Exercise requirements: Using the material that follows, output exactly the lines from the one containing "Bahay Kubo Design" through the one containing "L'usine d'Hawaii a", with both ends kept.

Information:
━━━━━━━━━━━━━━━━━━━━

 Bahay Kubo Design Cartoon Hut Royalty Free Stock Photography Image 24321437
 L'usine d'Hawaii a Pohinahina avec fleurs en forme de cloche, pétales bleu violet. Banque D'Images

━━━━━━━━━━━━━━━━━━━━

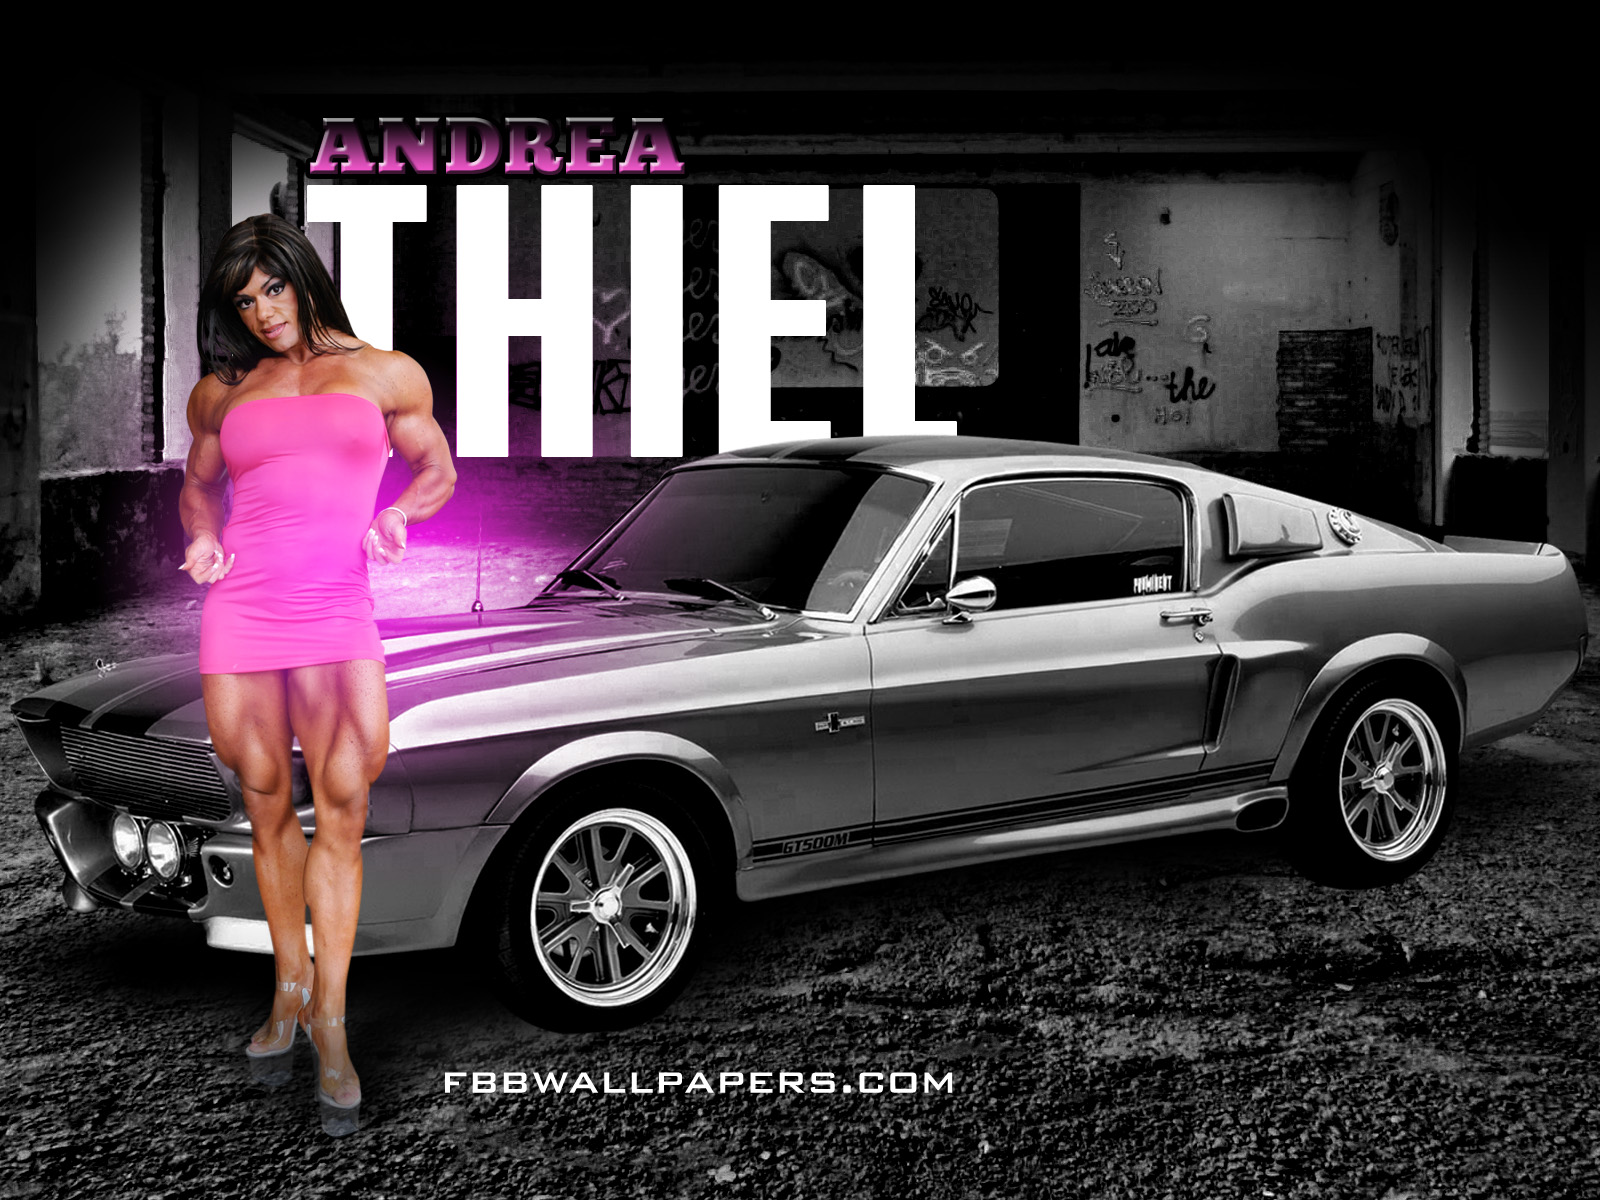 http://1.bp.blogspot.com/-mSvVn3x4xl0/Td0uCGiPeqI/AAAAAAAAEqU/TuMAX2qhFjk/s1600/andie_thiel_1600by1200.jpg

━━━━━━━━━━━━━━━━━━━━

Solution to the exercise:
 Bahay Kubo Design Cartoon Hut Royalty Free Stock Photography Image 24321437
 L'usine d'Hawaii a Pohinahina avec fleurs en forme de cloche, pétales bleu violet. Banque D'Images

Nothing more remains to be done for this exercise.